* Source data
○ ○ ○ ○ ○

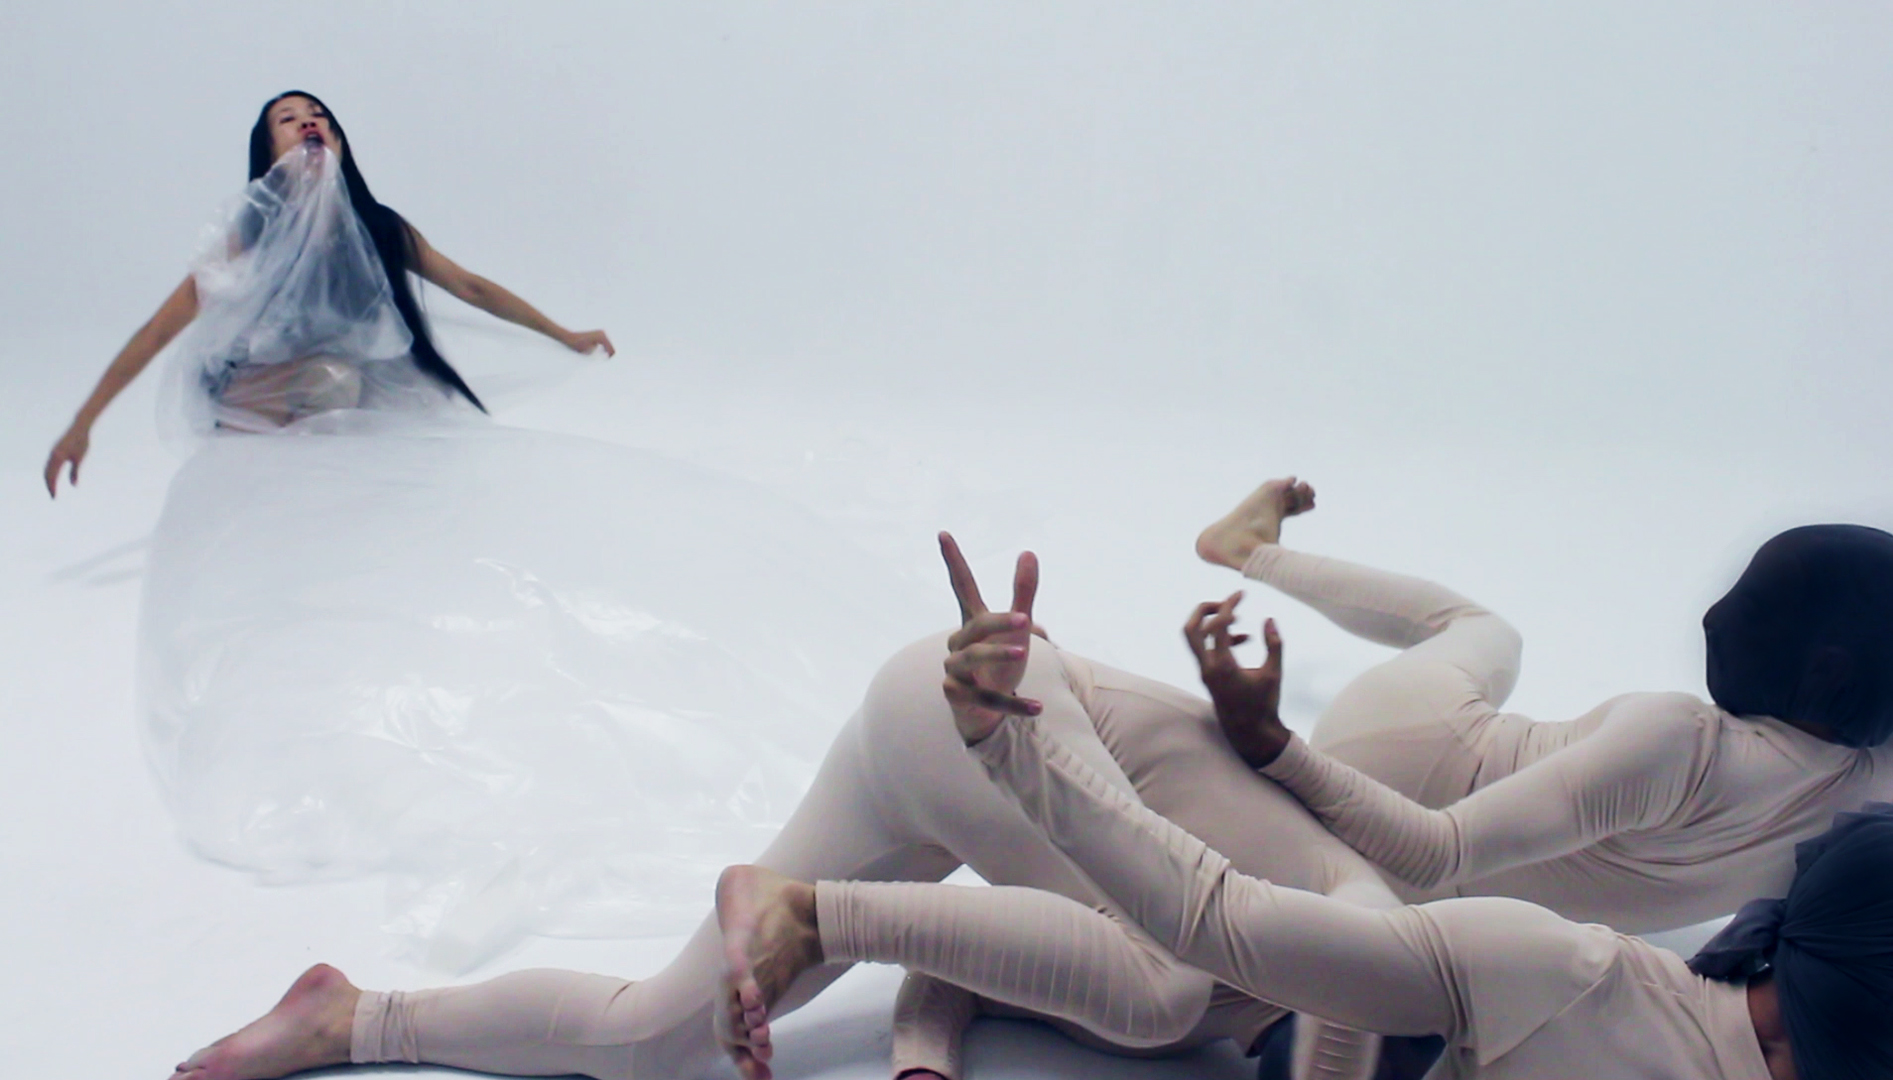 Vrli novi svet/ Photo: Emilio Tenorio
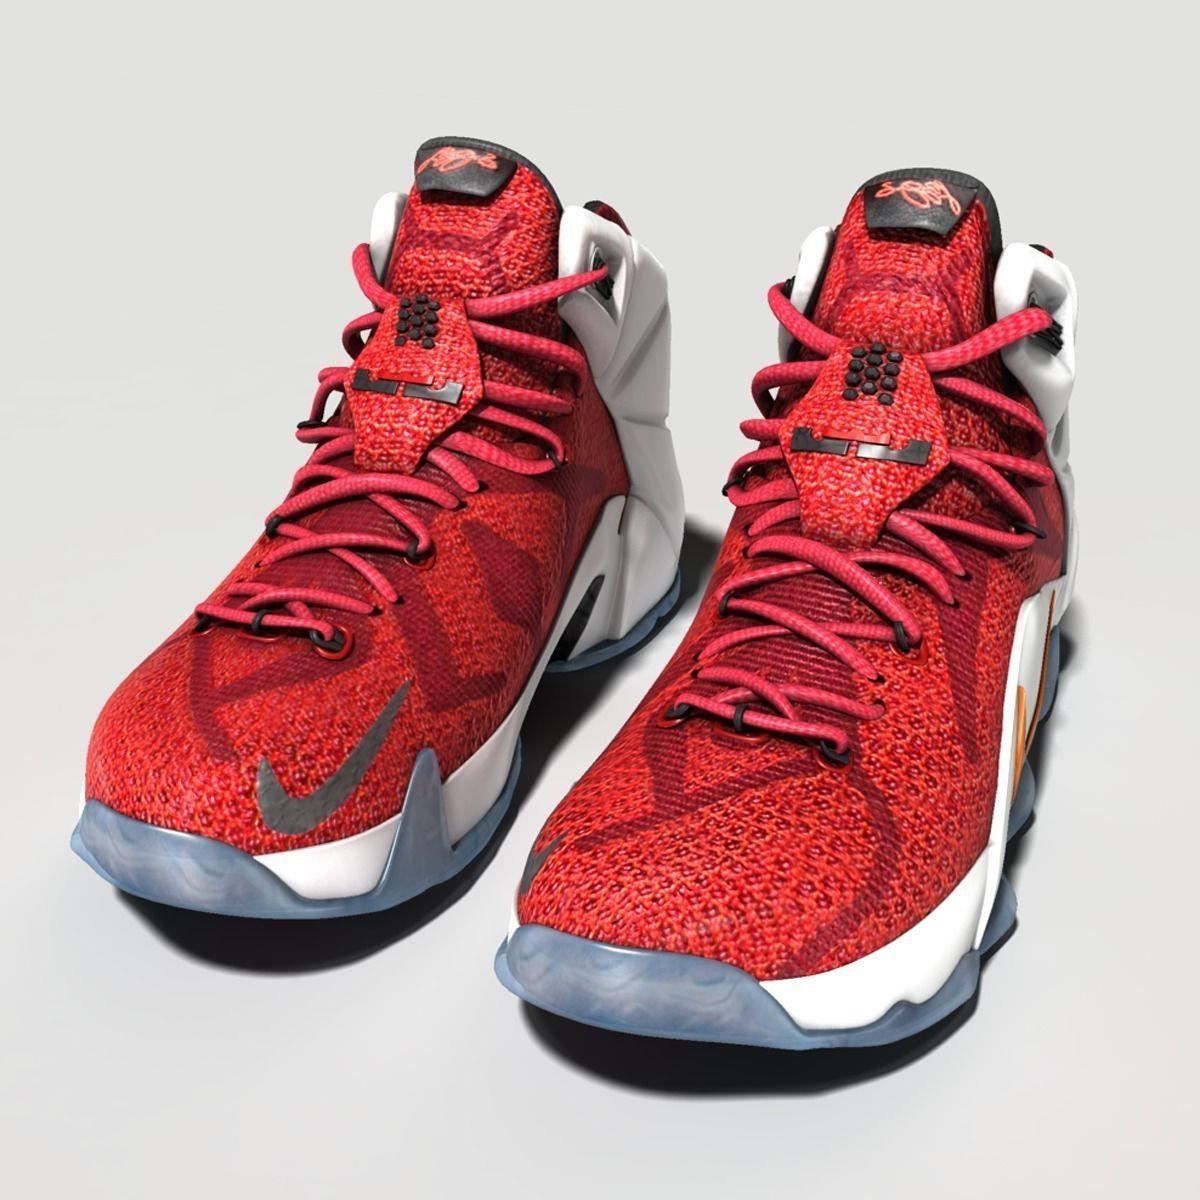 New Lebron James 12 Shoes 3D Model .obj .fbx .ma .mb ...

○ ○ ○ ○ ○

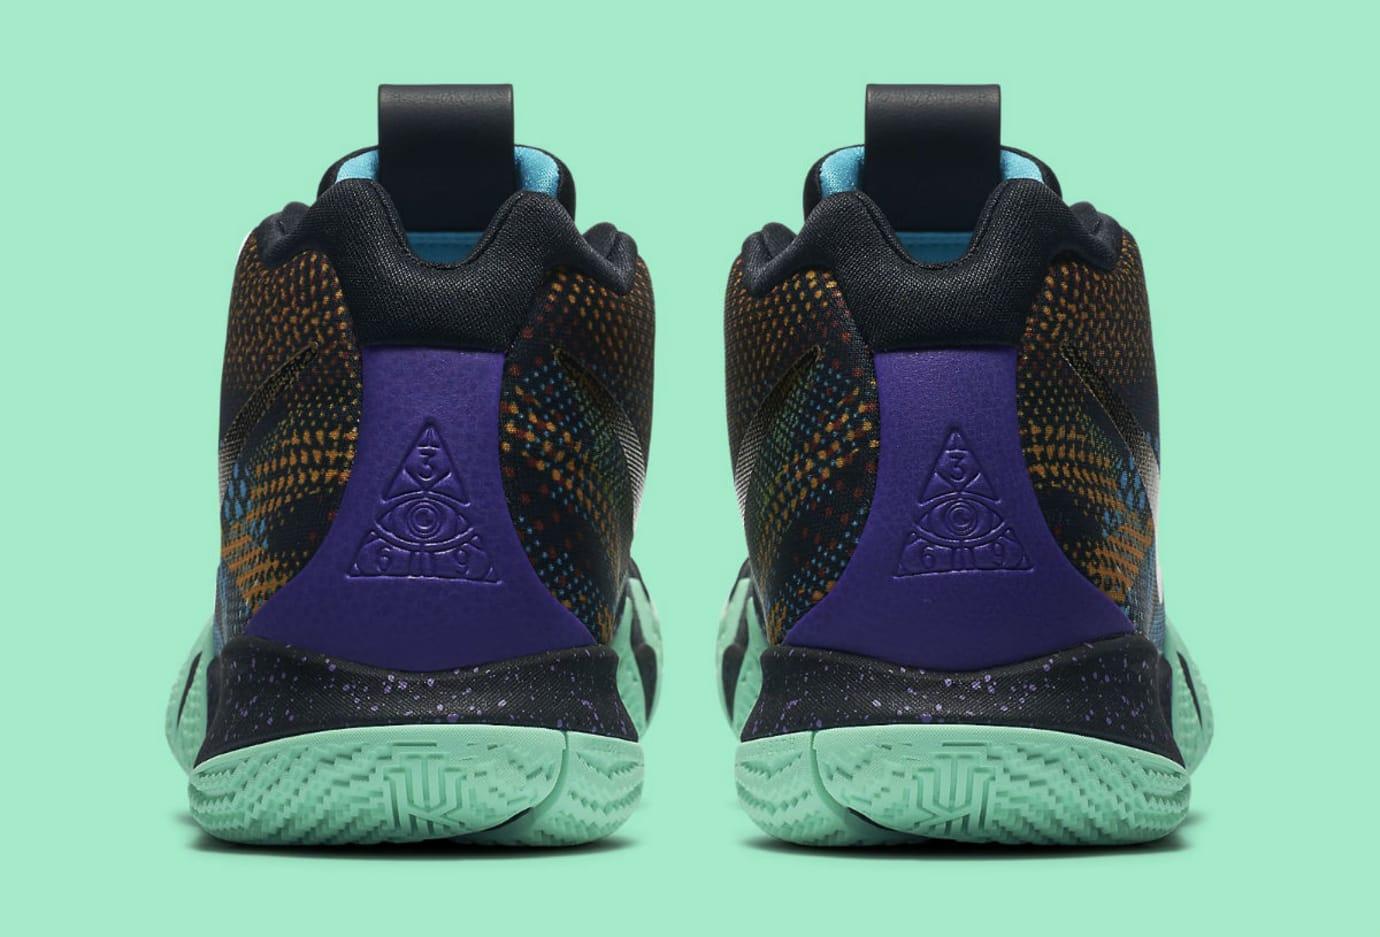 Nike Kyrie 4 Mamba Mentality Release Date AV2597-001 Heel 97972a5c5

○ ○ ○ ○ ○

* Exercise objective
Give back exactly the lines above from the one with "Vrli novi svet/ Photo: Emilio Tenorio" through the one with "New Lebron James", both included. Pictures don't belong in the copy.

* Exercise output
 Vrli novi svet/ Photo: Emilio Tenorio
 New Lebron James 12 Shoes 3D Model .obj .fbx .ma .mb ...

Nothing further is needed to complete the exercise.